The QM9 dataset [1] contains information about 134k organic molecules containing Hydrogen (H), Carbon (C), Nitrogen (N) and Fluorine (F). For each molecule, computational quantum mechanical modeling was used to find each atom's “positions” as well as a wide range of interesting and fundamental chemical properties, such as dipole moment, isotropic polarizability, enthalpy at 25ºC, etc.
The model presented in this example follows the GNN architecture used in [2], which consists of:
- Feed-forward neural network to build atom to atom messages using the hidden states along with edge information (atom to atom distance and bond type).
- Gated Recurrent Unit (GRU) to update atom's hidden states.
- Gated feed-forward neural network as readout to compute target properties.
By default we use as target the molecules' dipole moment, but the provided data contains all molecule properties in the original dataset to explore other options.
For this example you can find the directory data containing a very small subset of the dataset. In particular, 1000 molecules for training and 100 for validation. In addition, we have included the rest of framework files properly filled, and thus there are no prerequisites to execute it.
To train the corresponding QM9 GNN with the default settings, just run:
python main.pyThis command will create the GNN specified in model_description file, with the variables specified in the global_variables file.

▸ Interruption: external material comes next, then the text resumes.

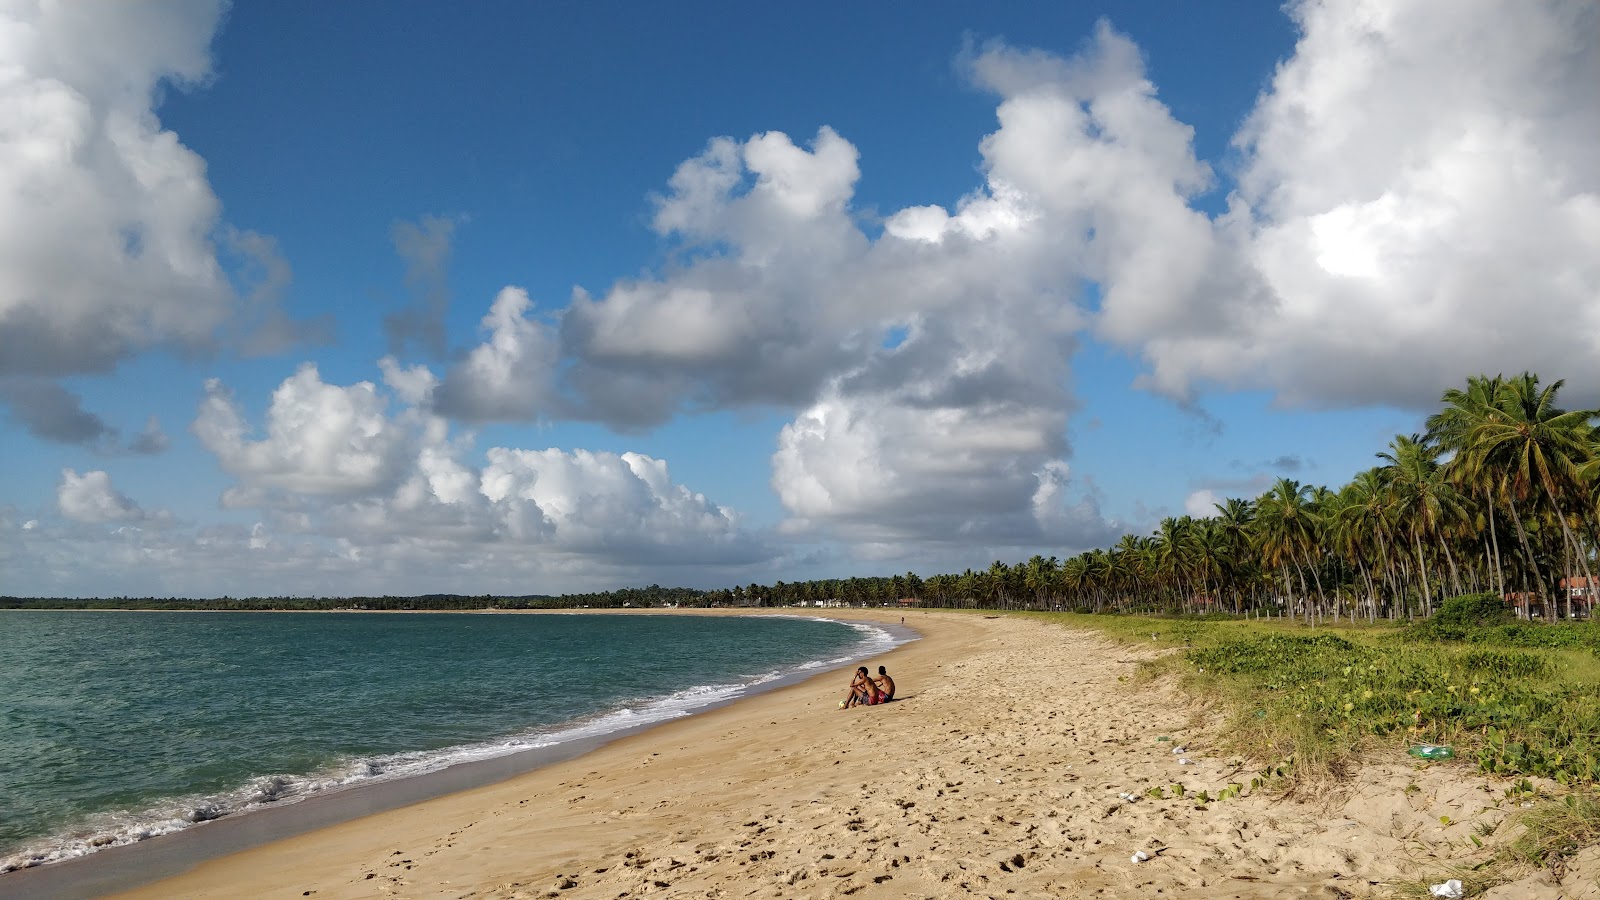 Fotografie cu Praia Pontal do Lira cu o suprafață de nisip fin strălucitor

To learn more about the implementation details, refer to the framework documentation.
If you want to execute any other functionality that is not train and validate, simply change the main file, see the documentation page for more details.
Although minimal example data is provided, one can generate bigger datasets by executing the generate_dataset Python script. This downloads the QM9 dataset and processeses a subset of molecules to create the associated NetworkX graphs, writing them as arrays in JSON files.
Through changing the global variables in the top of the script one can change the amount of training/validation samples, and other properties.
Please note that the script requires specific dependencies to generate some atomical features which the model requires, see the script's docstring for more details.
-
Ramakrishnan, Raghunathan; Dral, Pavlo; Rupp, Matthias; Anatole von Lilienfeld, O. (2014): Quantum chemistry structures and properties of 134 kilo molecules. figshare. Collection. https://doi.org/10.6084/m9.figshare.c.978904.v5
-
Justin Gilmer, Samuel S. Schoenholz, Patrick F. Riley, Oriol Vinyals, and George E. Dahl. 2017. Neural message passing for Quantum chemistry. In Proceedings of the 34th International Conference on Machine Learning - Volume 70 (ICML'17). JMLR.org, 1263–1272.